# Practical classes

All exercices will be in Python. It is important that you keep track of exercices and structure you code correctly (e.g. create funcions that you can re-use later)

We will use Jupyter notebooks (formerly known as IPython). You can read the following courses for help:
* Python and numpy: http://cs231n.github.io/python-numpy-tutorial/
* Jupyter / IPython : http://cs231n.github.io/ipython-tutorial/

To run this notebook:
* create a directory somewhere on your filesystem
* download the .ipynb from the course website: http://teaching.caio-corro.fr/2019-2020/TC4/
* move the .ipynb into the directory
* from a terminal:
    * cd /directory/path
    * jupyter notebook
    
Each group must send me their work by e-mail (one mail per group):
* complete the code with comments
* quick answer to questions

If you don't want to use the notebook, send me the python code + a PDF with plots and answers.

In [1]:
# import libraries

# NLTK will be used to load the data
import nltk

# matplotlib will be used to display plots
import matplotlib
import matplotlib.pyplot as plt

# in this exercise, numpy is only used to compute plotting data
import numpy as np

# So we can display plots in the notebook
%matplotlib inline

# Part-of-speech tagging

The goal of this exercise is to build a (really) simple **part-of-speech** (POS) tagger: given a sentence, predict the grammatical category of each word (verb, noun, etc). To this end, we introduce the following probability model: let *X* and *Y* be two random variables where *X* is an observed word and *Y* an observed tag. At test time, we will predict the most probable tag for a given word.

# Data: the Brown corpus

In this exercise we are going to look at the [Brown corpus](https://en.wikipedia.org/wiki/Brown_Corpus) which is a collection of texts from different domains. It has been manually annotated with POS tags.
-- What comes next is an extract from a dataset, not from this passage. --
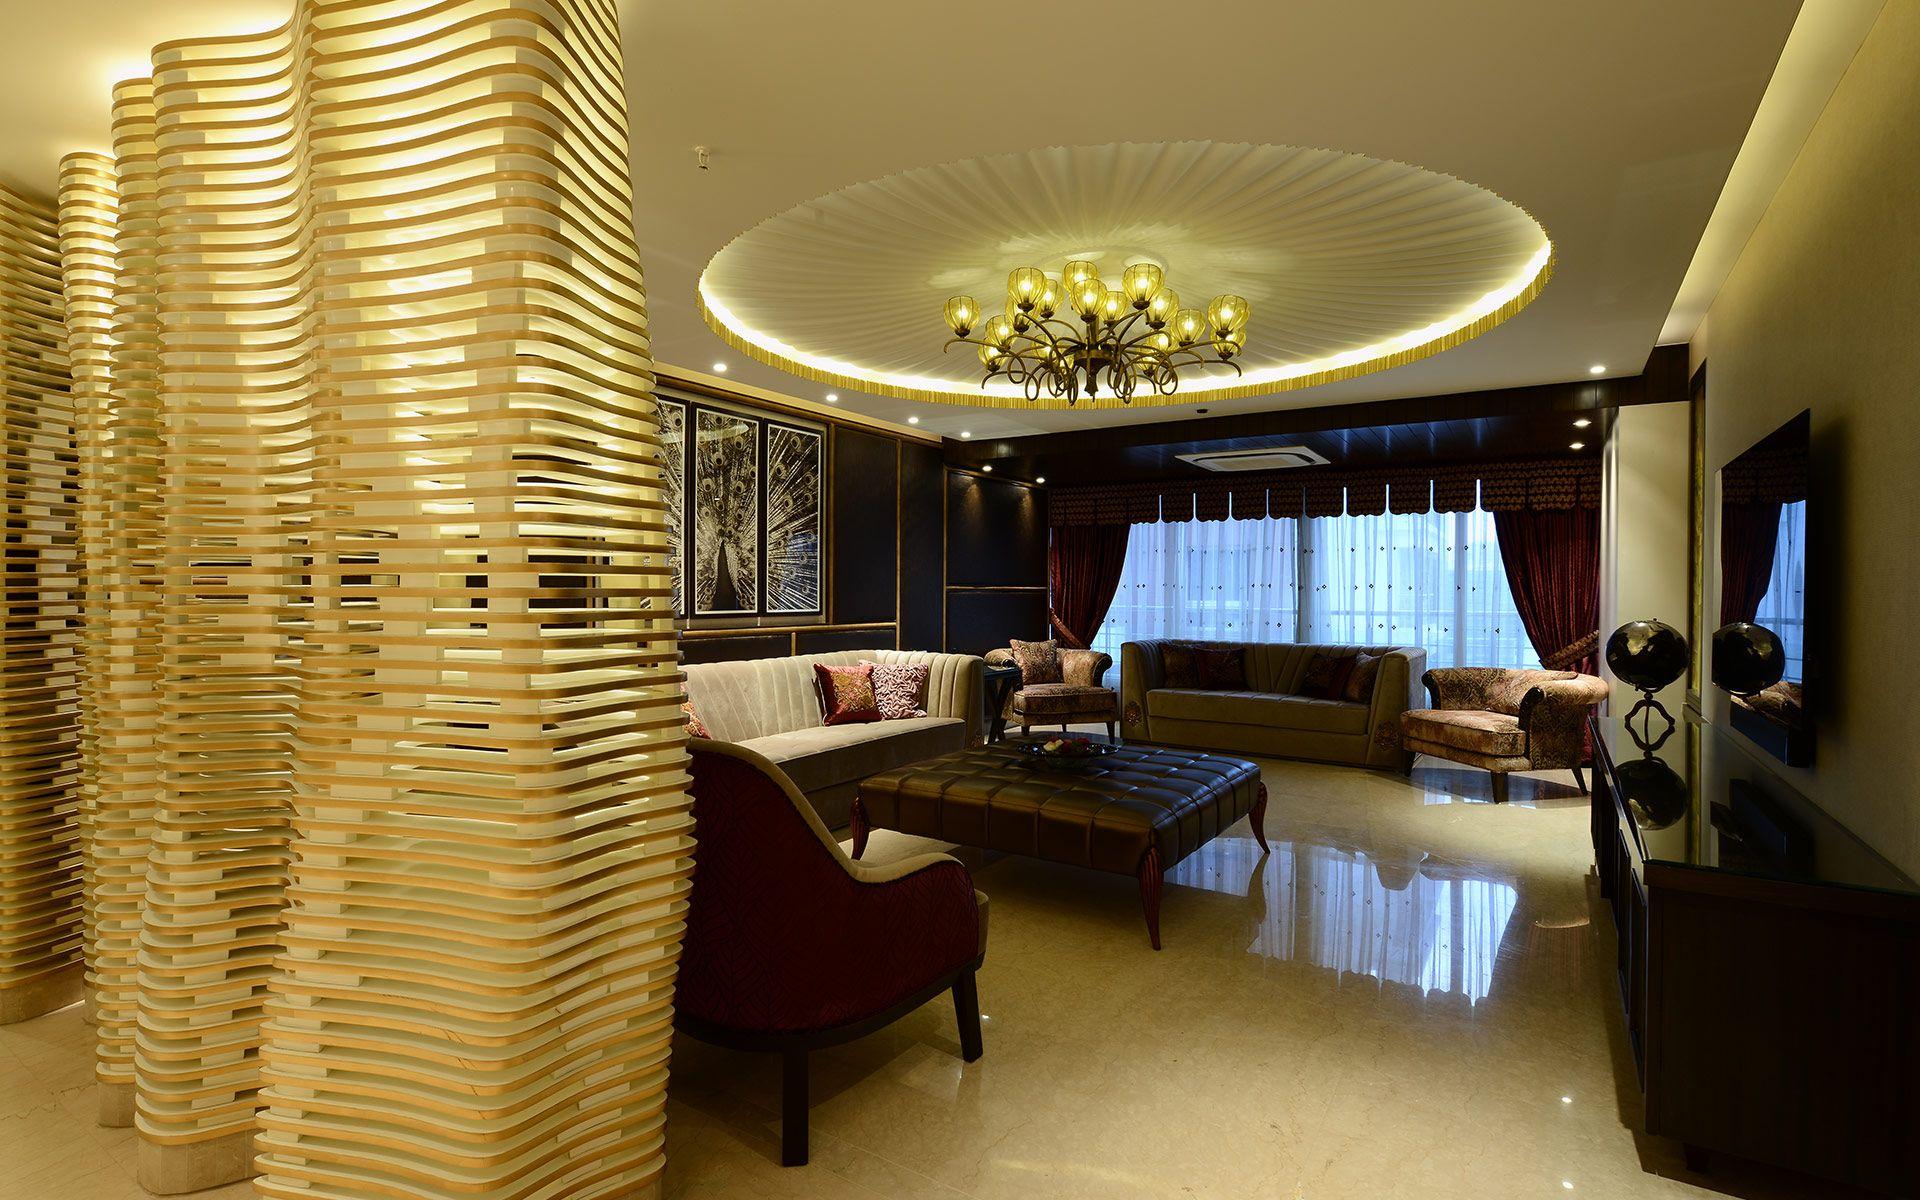 Best Architecture And Top Interior Design In India Bangalore In

Contrary to popular belief, there is not a single way to analyze natural language texts. One usually rely on a "framework" or annotation scheme that exposes desired characteristics (see for example [Rambow, 2010](https://www.aclweb.org/anthology/N10-1049/)). In this exercise, we will us the *universal tagset* [Petrov et al, 2011](https://arxiv.org/abs/1104.2086), a simple annotation scheme that was originally proposed for multilingual natural language processing (see the [universal dependendency page about morphology](https://universaldependencies.org/u/overview/morphology.html) for more information).



In [2]:
# Download the Brown corpus and the annotation scheme
# This cell can be run only once on your computer
nltk.download('brown')
nltk.download('universal_tagset')

[nltk_data] Downloading package brown to
[nltk_data]     C:\Users\berte\AppData\Roaming\nltk_data...
[nltk_data]   Unzipping corpora\brown.zip.
[nltk_data] Downloading package universal_tagset to
[nltk_data]     C:\Users\berte\AppData\Roaming\nltk_data...
[nltk_data]   Unzipping taggers\universal_tagset.zip.


True

In [None]:
# Load the dataset
# the argument tagset='universal' will map the original annotation to the universal tagset
brown_data = list(nltk.corpus.brown.tagged_sents(tagset='universal'))
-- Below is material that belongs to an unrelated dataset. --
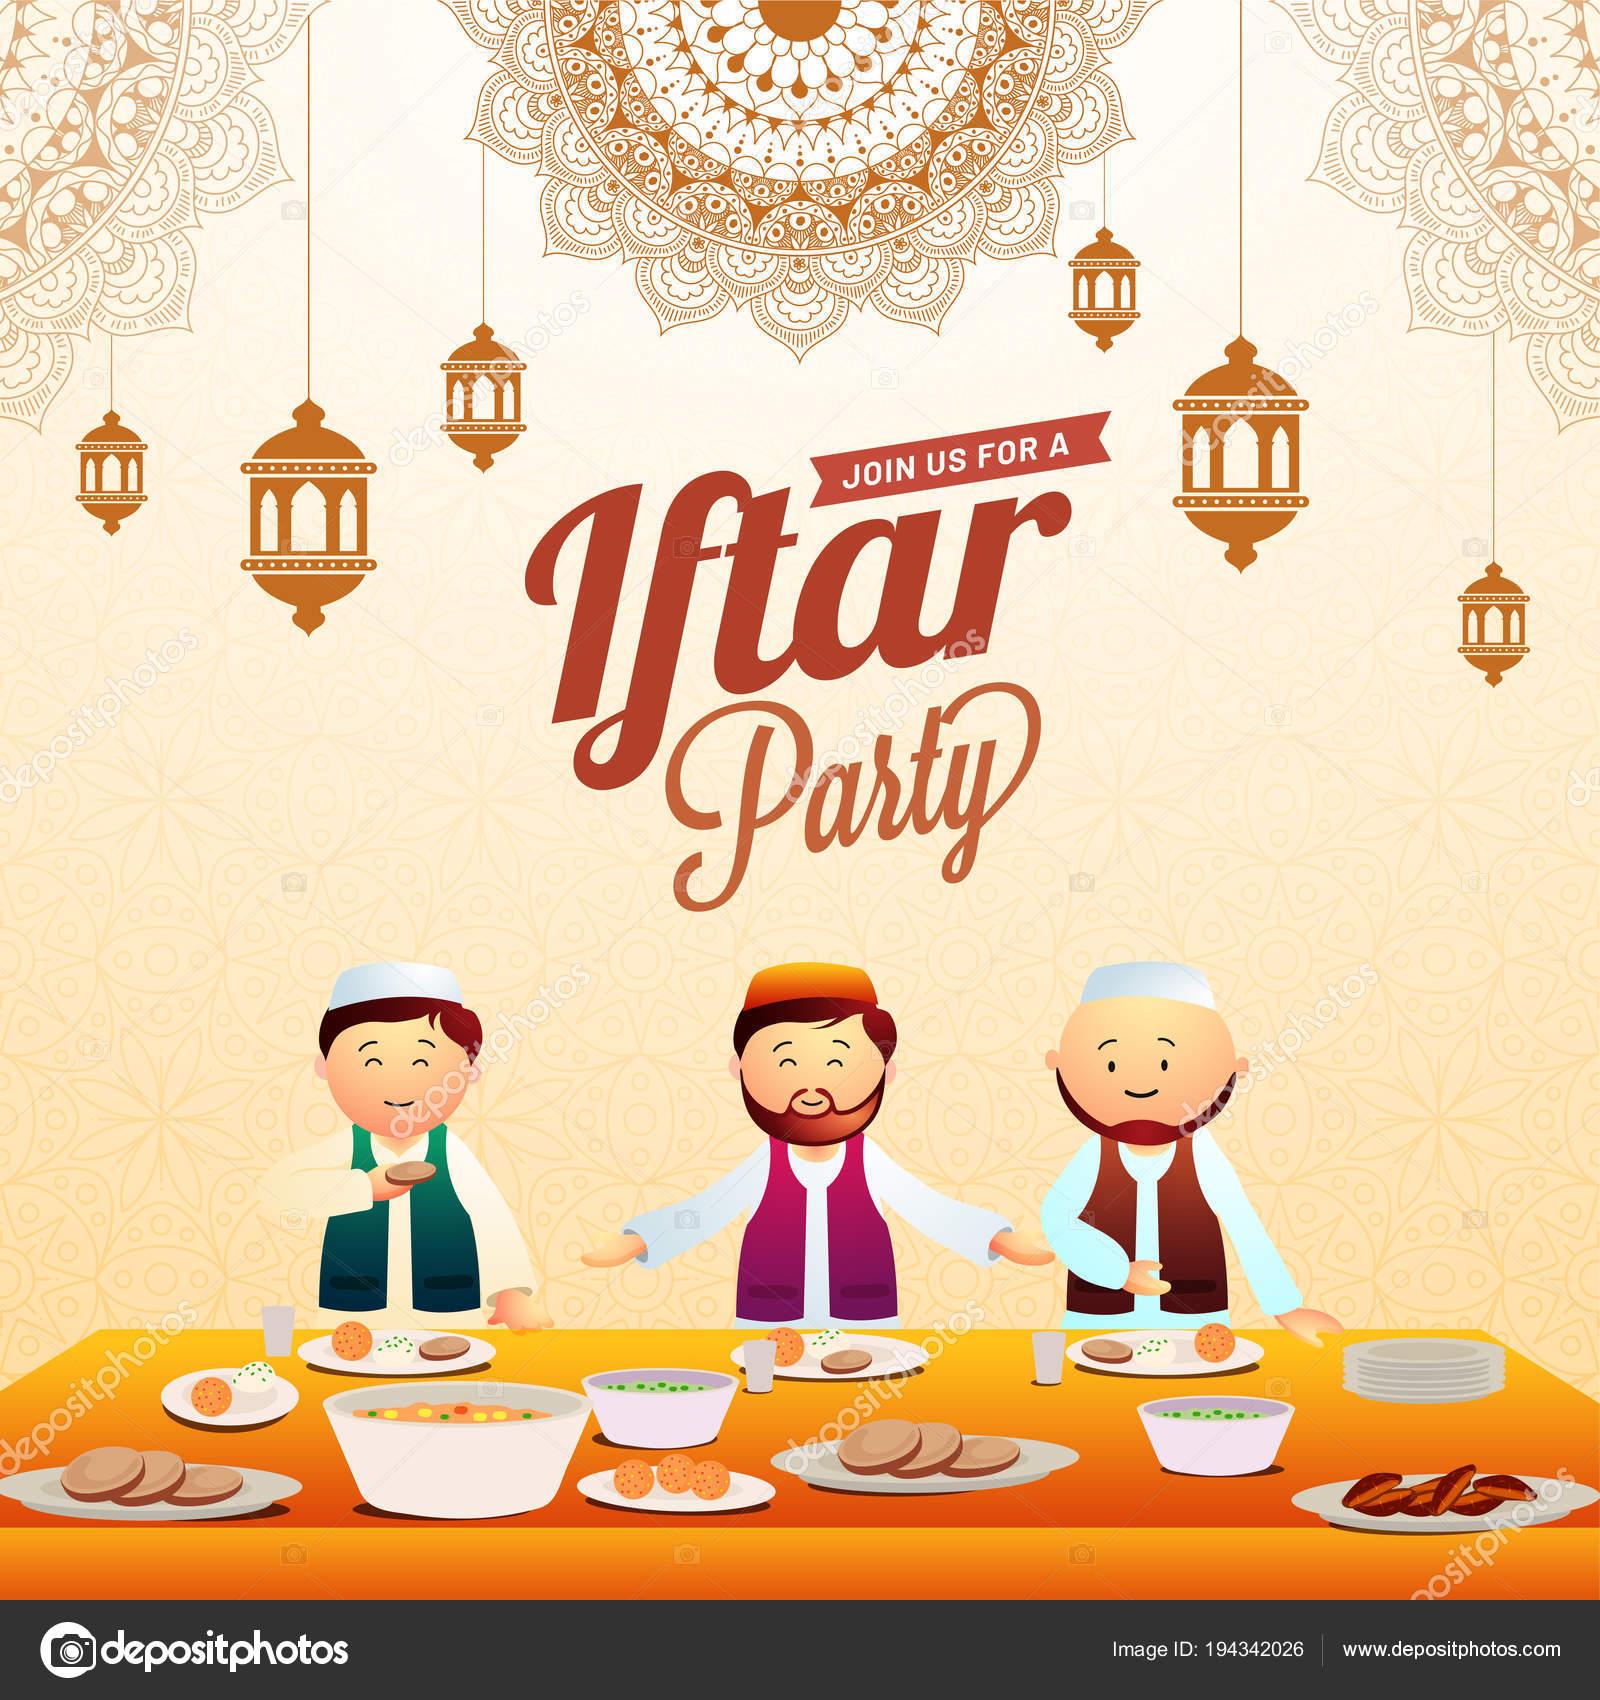 Iftar Party Invitation Card Desig Hanging Lanterns Mandala

The data is structured as follows:
* brown_data is a list of sentences
* a sentence brown_data[i] is a list of tokens
* each token brown_data[i][j] is a tuple of strings (word, tag)

In [None]:
print(type(brown_data), type(brown_data[0]), type(brown_data[0][0]))
print("Number of sentences: %i" % len(brown_data))

In [None]:
print(brown_data[0])

# 1. Data pre-processing

Split the dataset into two disjoint parts:
* *train data* that will be used to learn the probability distribution p(y | x)
* *test data* that will be used to evaluate the model
We use 90% of the data as train data and 10% as test data.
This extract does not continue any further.